The total percentage of top 11 events listed above is:
sum(evtype_stormsdata$percentage[1:11])
## [1] 90.28023
sort_stormsdata <- select(stormsdata,c(8,23,24))
sort_stormsdata<-sort_stormsdata %>% arrange(desc(INJURIES))
sort_stormsdata <-mutate(sort_stormsdata, EVTYPE = as.character(EVTYPE))
topinjuries<-sort_stormsdata[which(sort_stormsdata$INJURIES>500),]
topinjuries <-mutate(topinjuries, EVTYPE = as.character(EVTYPE))
topinjuries
## # A tibble: 17 x 3
## EVTYPE FATALITIES INJURIES
## <chr> <dbl> <dbl>
## 1 TORNADO 42 1700
## 2 ICE STORM 1 1568
## 3 TORNADO 90 1228
## 4 TORNADO 36 1150
## 5 TORNADO 158 1150
## 6 FLOOD 2 800
## 7 TORNADO 44 800
## 8 TORNADO 116 785
## 9 HURRICANE/TYPHOON 7 780
## 10 FLOOD 0 750
## 11 TORNADO 20 700
## 12 FLOOD 11 600
## 13 TORNADO 114 597
## 14 TORNADO 17 560
## 15 FLOOD 0 550
## 16 EXCESSIVE HEAT 2 519
## 17 TORNADO 57 504
Table 2: Top 17 injuries per event occurance
Looking into the injuries from the other angle, by examining the highest impact per occurance, we can still see that the Tornados still lead in the total injuries per occurance. Ice storms comes in second place as one single occurance. It can be seen that tornado has appeared 10 times in the top 17 injuries per event occurance, and Flood comes second.

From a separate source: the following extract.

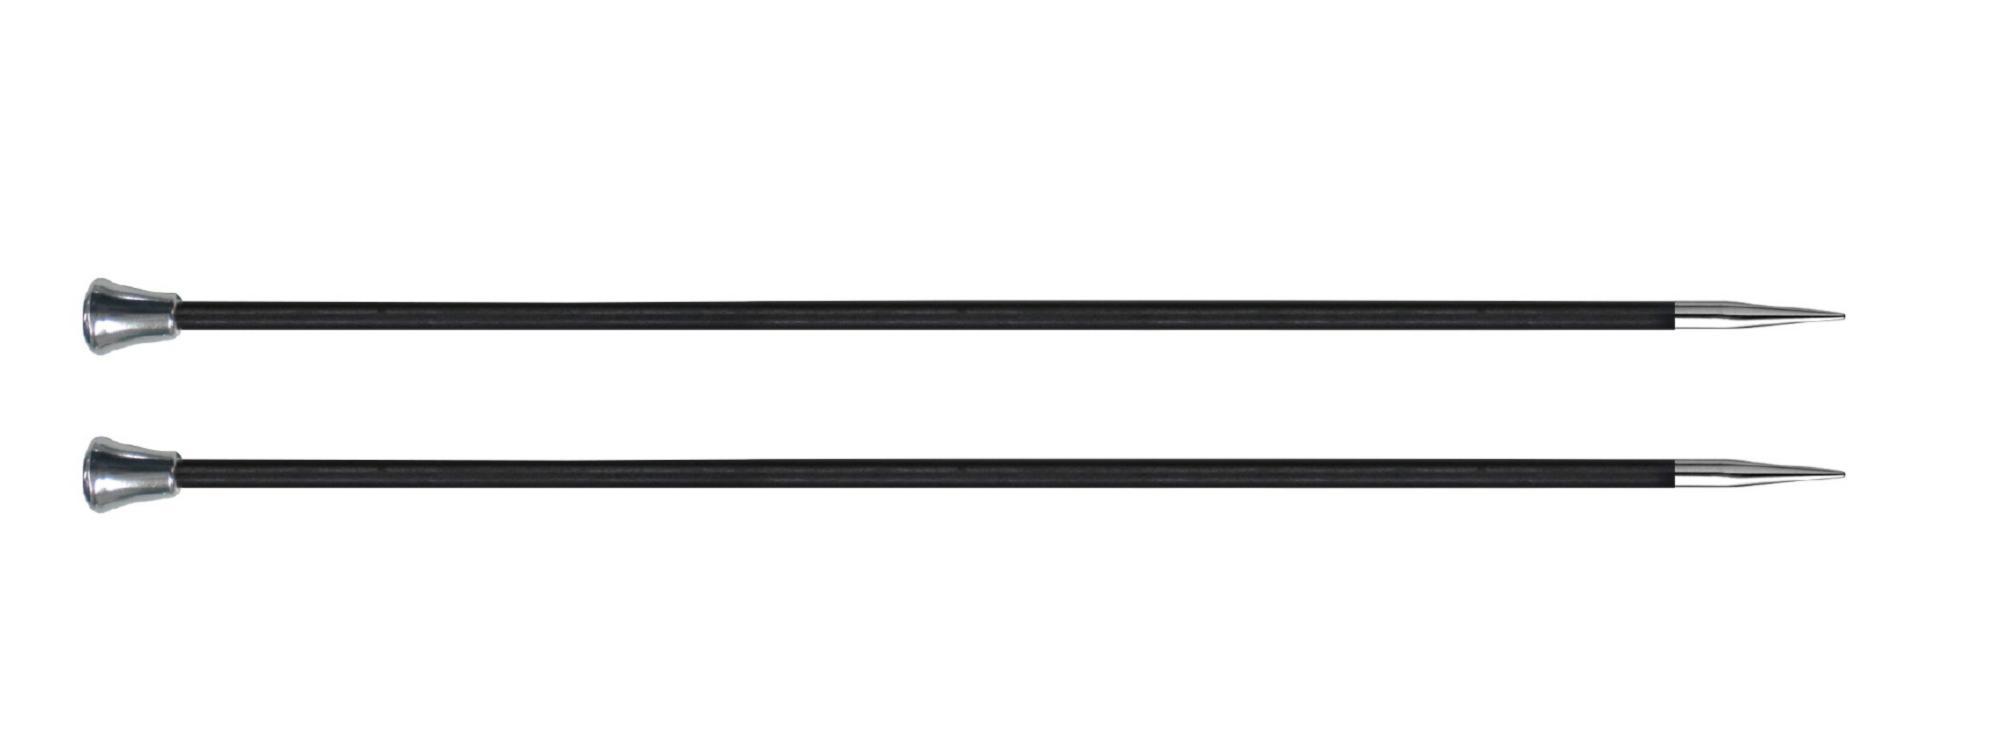 Спицы прямые 25 см Karbonz KnitPro, 41252, 2.50 мм

This mean these two events has lead the top impact when coming with high severity. ## Results
tbl_topinjuries <- as.data.frame(table(topinjuries$EVTYPE), dnn="occurance")
tbl_topinjuries <- tbl_topinjuries %>% arrange(desc(Freq))
tbl_topinjuries
## Var1 Freq
## 1 TORNADO 10
## 2 FLOOD 4
## 3 EXCESSIVE HEAT 1
## 4 HURRICANE/TYPHOON 1
## 5 ICE STORM 1
Table 3: Occurance times of event in the top 17 injuries per event Occurance
occurance <- as.data.frame(table(sort_stormsdata$EVTYPE,dnn = "Occurance"))
occurance <- occurance %>% arrange(desc(Freq))
occurance[1:10,]
## Occurance Freq
## 1 HAIL 288661
## 2 TSTM WIND 219940
## 3 THUNDERSTORM WIND 82563
## 4 TORNADO 60652
## 5 FLASH FLOOD 54277
## 6 FLOOD 25326
## 7 THUNDERSTORM WINDS 20843
## 8 HIGH WIND 20212
## 9 LIGHTNING 15754
## 10 HEAVY SNOW 15708
Table 4: Frequently reccuring events
As can be seen realised from table above the tornado, thunderstorm, and flood are on top 10 of recurring events, and with high injuries numbers, as was concluded in first section of this study. # Economical Impact ## Results
eco_stormsdata <- stormsdata %>% group_by(EVTYPE) %>% summarize( prodexp.BUSD = round(sum( PROPDMG , na.rm = TRUE)/1000000,2), cropexp.BUSD = round(sum( CROPDMG , na.rm=TRUE)/1000000,2) , totaleconexp.BUSD = round(sum( PROPDMG , na.rm = TRUE)/1000000 + sum( CROPDMG , na.rm=TRUE)/1000000,2 ))
eco_stormsdata <- eco_stormsdata %>% arrange(desc(totaleconexp.BUSD))
pietableX<-as.vector(t(eco_stormsdata[1:5, 4]))
pielabel <-as.vector(t( within(eco_stormsdata[1:5,],label<-paste(EVTYPE,totaleconexp.BUSD,sep = ":(BUSD)"))[,5]))
pie(pietableX, labels = pielabel, col = rainbow(22), radius = 1)
# Conclusion Inconclusion, Tornado and flood has the highest impact in terms of population health and economy. That is because they have the highest impact during one occurance, and as an aggregated impact over events occurances over period of study.